Modules and programming conventions.
------------------------------------


(1) How the source files are structured.
----------------------------------------                 

Although I have not assumed that you will have a module system, I have
structured the source into what would be modules if you did have one. I
have done this by splitting it into different files: one file per
notional module. Each file contains two kinds of predicates: public and
private. Public predicates are those that I know to be called from other
files. Private predicates are those called only from within the file
they are defined in.

Each file looks like this:


    /*  SCRIPT.PL  */


    :- module script.


    :- public next/1,
              again/0,
              script/2,
              section/2.


    /*
    SPECIFICATION
    -------------              

    <general remarks>

    <operator declarations embedded here, if any (see OUTPUT.PL)>

    PUBLIC again:
    <description of again>

    PUBLIC next( Status- ):
    <description of next>

    ...etc...
    */


    /*
    IMPLEMENTATION
    --------------             

    <general remarks>
    */


    :- needs
        bug / 1,
        find_file / 5,
        open_and_reconsult / 2,
        output / 1.


    :- dynamic
        script_position / 1,
        script_name / 2,
        script_text / 2.

Each file starts with a comment giving its name. Note that this may not
be the same as the name on the source disc available from the publisher:
this latter is written on MS-DOS, and its filenames have to conform to
the idiocies of that operating system. The comment is followed by the
directive
    :- module Name.
Name is an atom, usually similar to the filename.

Then follows
    :- public Predicate1/Arity1,
              Predicate2/Arity2,
              ...
The name and arity of every public predicate - i.e. every predicate
called from outside the file (or which it is sensible to call from
outside the file) - appears here.

Following these two directives there may be a :-dynamic directive. This
has the same syntax as public: it declares exported predicates which
are defined by run-time assertions, rather than in the code as written.

After this is the SPECIFICATION comment. This starts with general
information about the module and what it's for, and then gives a
specification of each public predicate individually: argument types and
modes, the predicate's logical meaning, and so on.

The comment may be broken by a part
    */
    <operator declarations>
    /*
The rationale for placing them here is that they will affect what
happens outside the module (by changing how Prolog parses its input),
and so they form part of the interface with other modules.

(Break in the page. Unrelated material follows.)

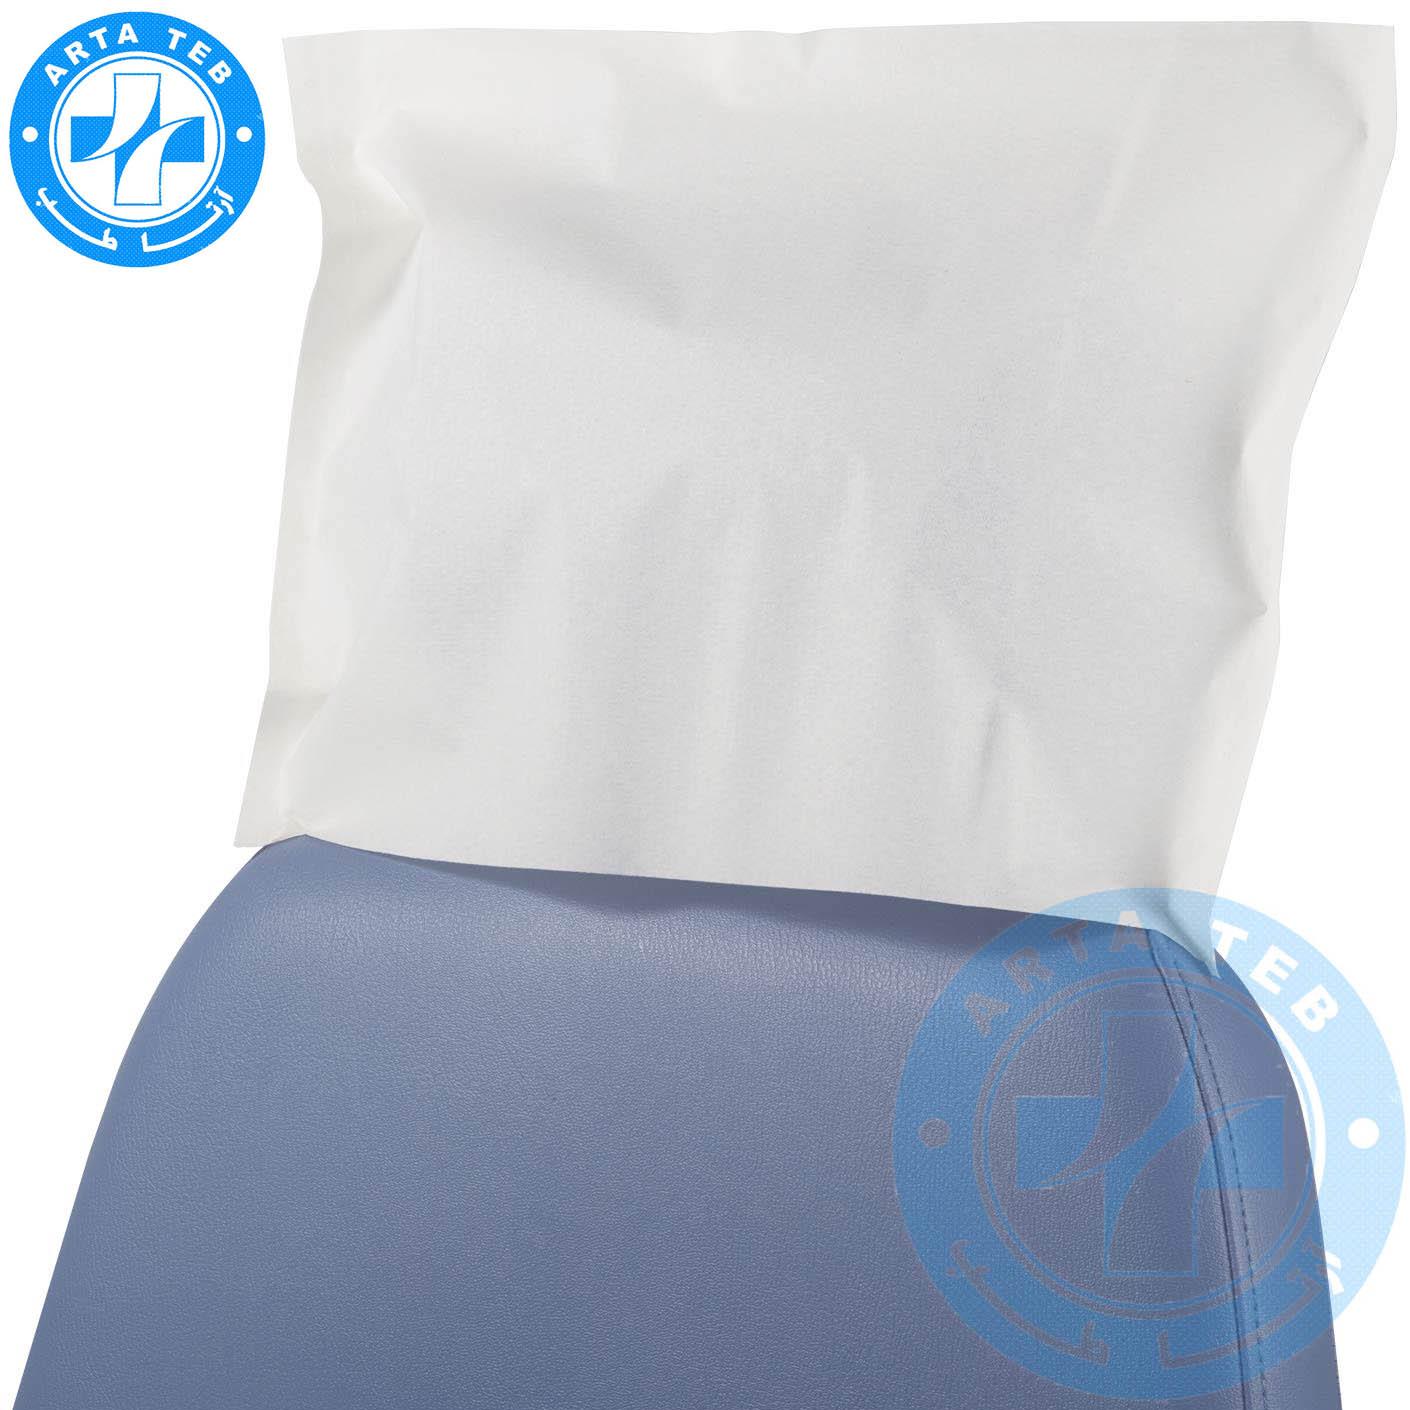 روکش زیر سری یونیت نایلونی یکبار مصرف دندانپزشکی (6)
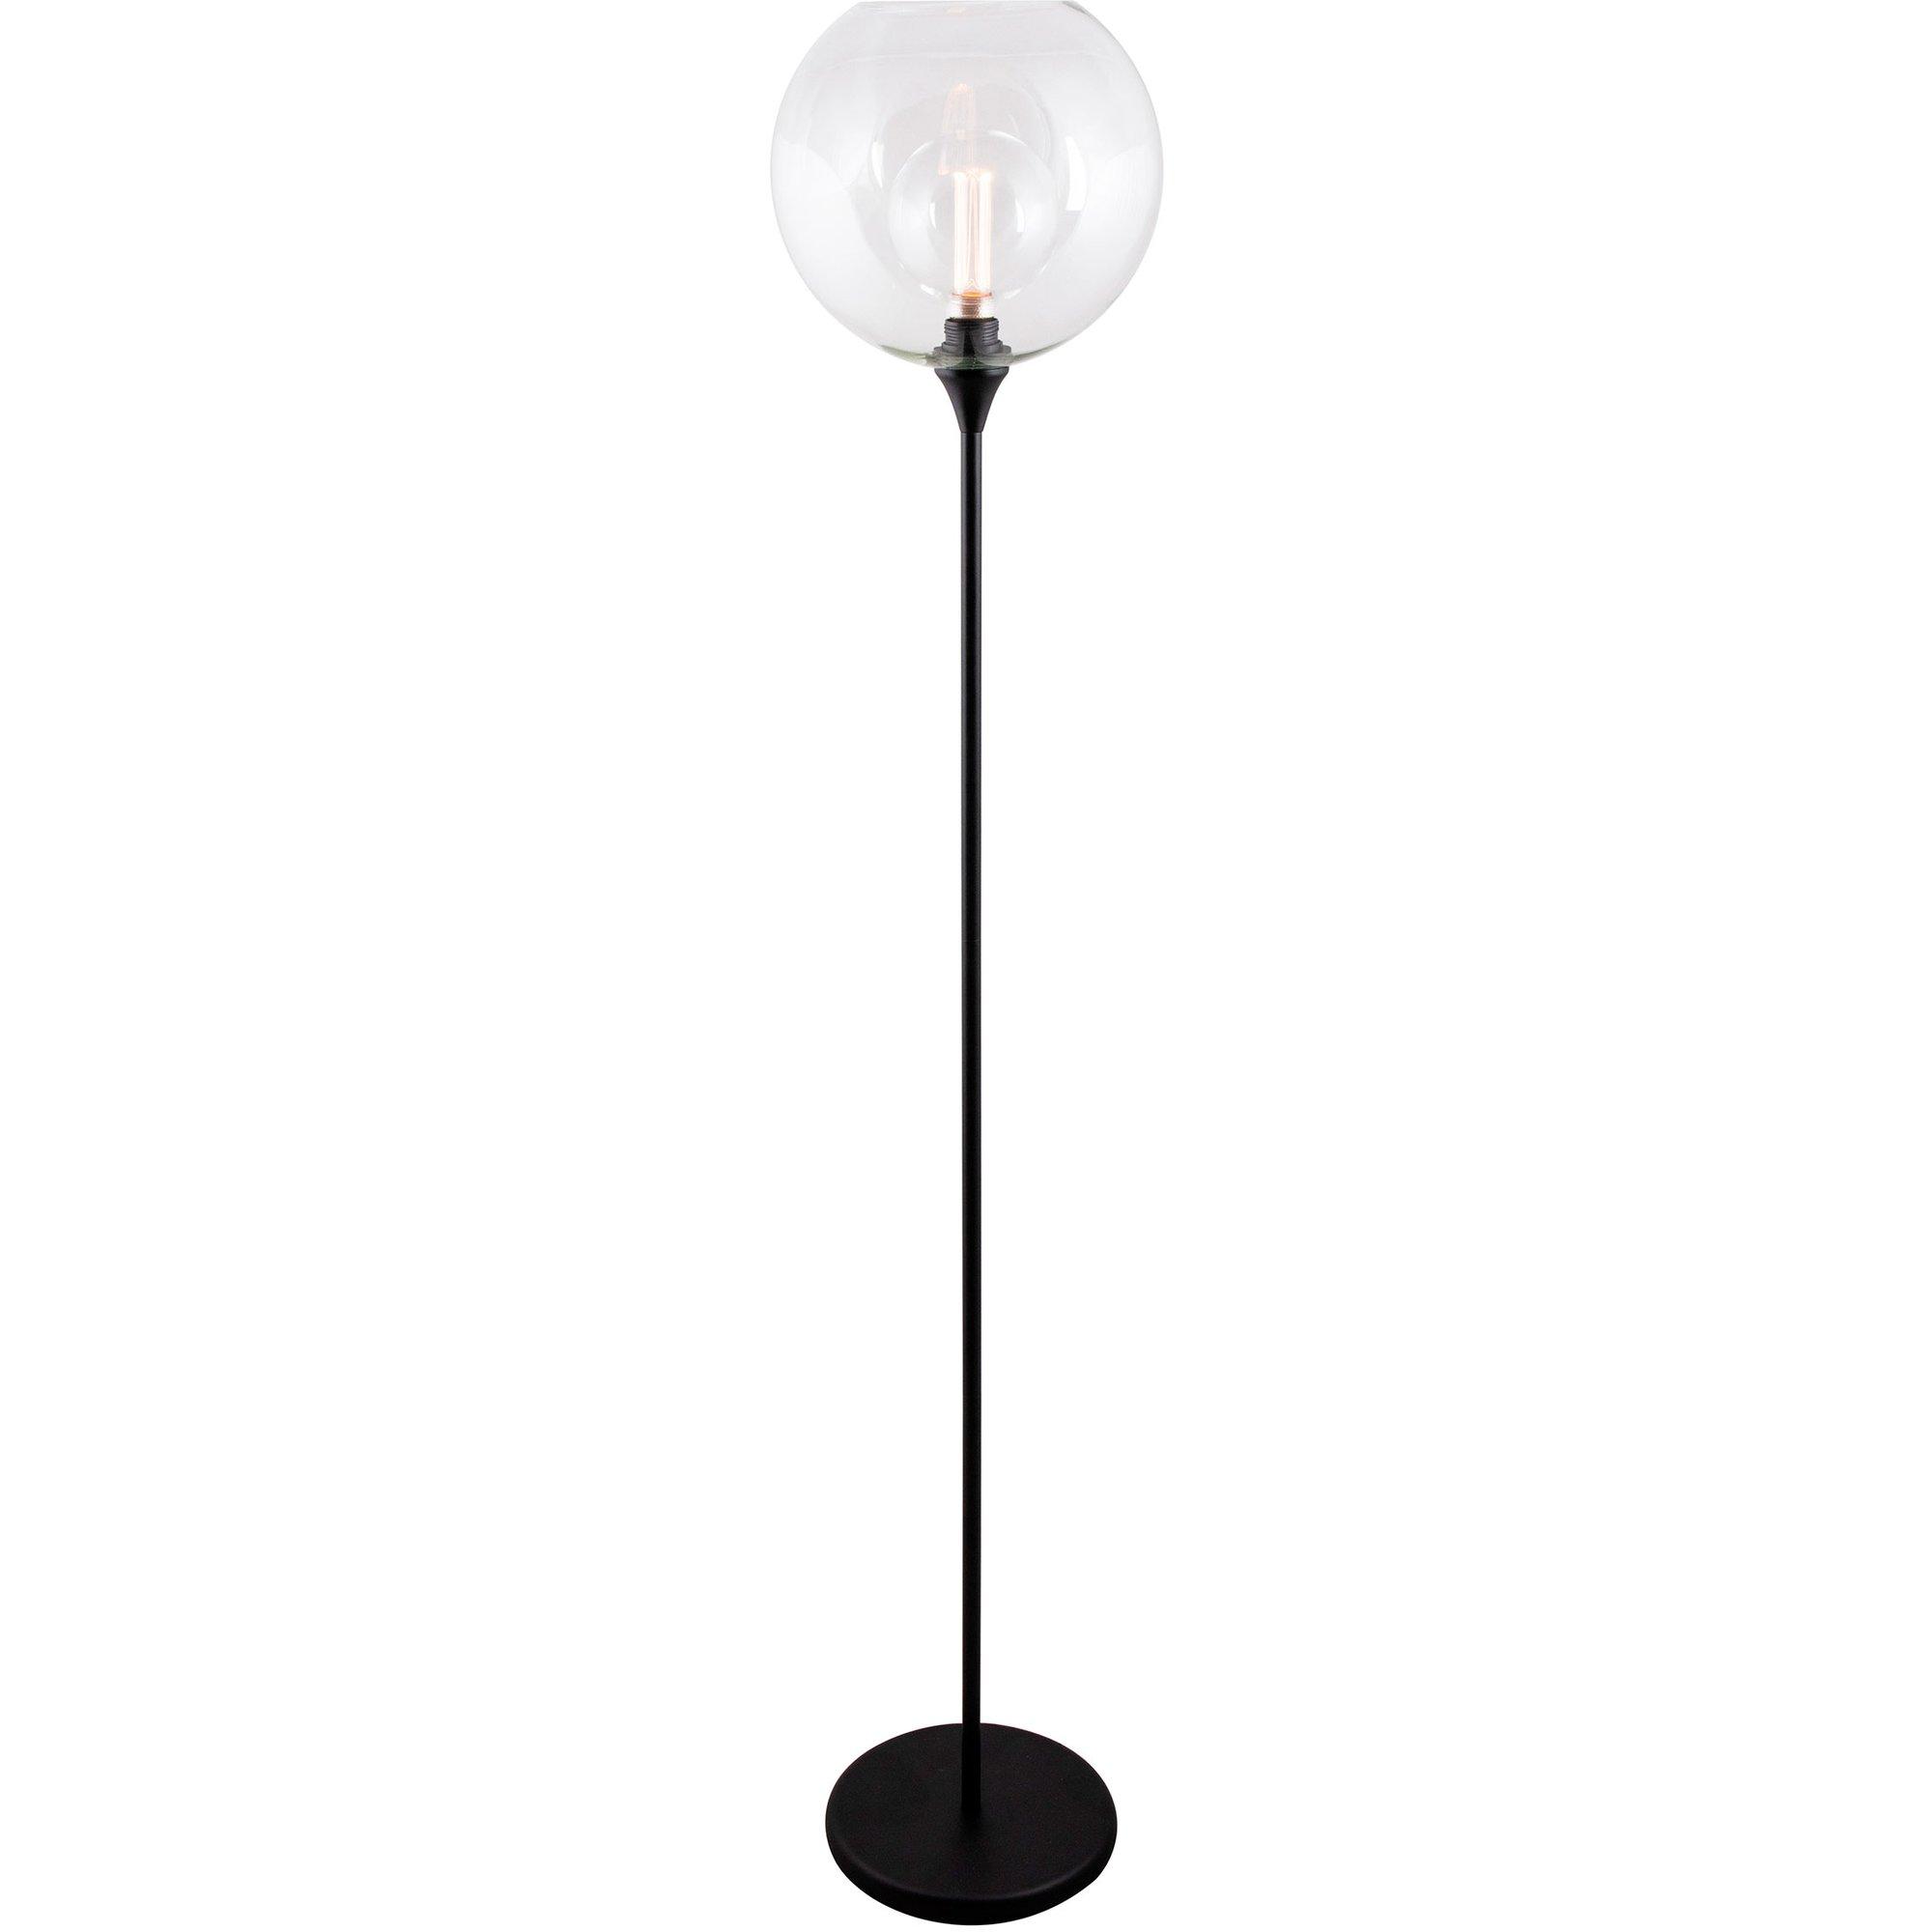 Globen Lighting Bowl Golvlampa klar

Each predicate is specified by a line starting
    PUBLIC PredicateName
This facilitates searching for the definition with a text editor.

Now we launch into the implementation, starting with the IMPLEMENTATION
comment. I have made a strict separation between this and the
specification part, following Modula and similar languages. Most
Prolog programmers do not do so, but I think it helps readability.

This is followed by a :-needs directive, listing predicates needed
from elsewhere. You can also quote file names:
    :- needs
        is_letter_or_digit_char / 1,
        file( sdo ),
        file( sdo_output ).
See module LIB.PL for more details. I have put in the directives mainly
to help those with module systems, but LIB also uses them for a loading
system where you needn't specify filenames.

There may also be a :-dynamic directive. This refers to dynamic, non-
exported predicates.

Next comes the source code (and possibly more comments about
implementation). Finally there is an :- endmodule directive.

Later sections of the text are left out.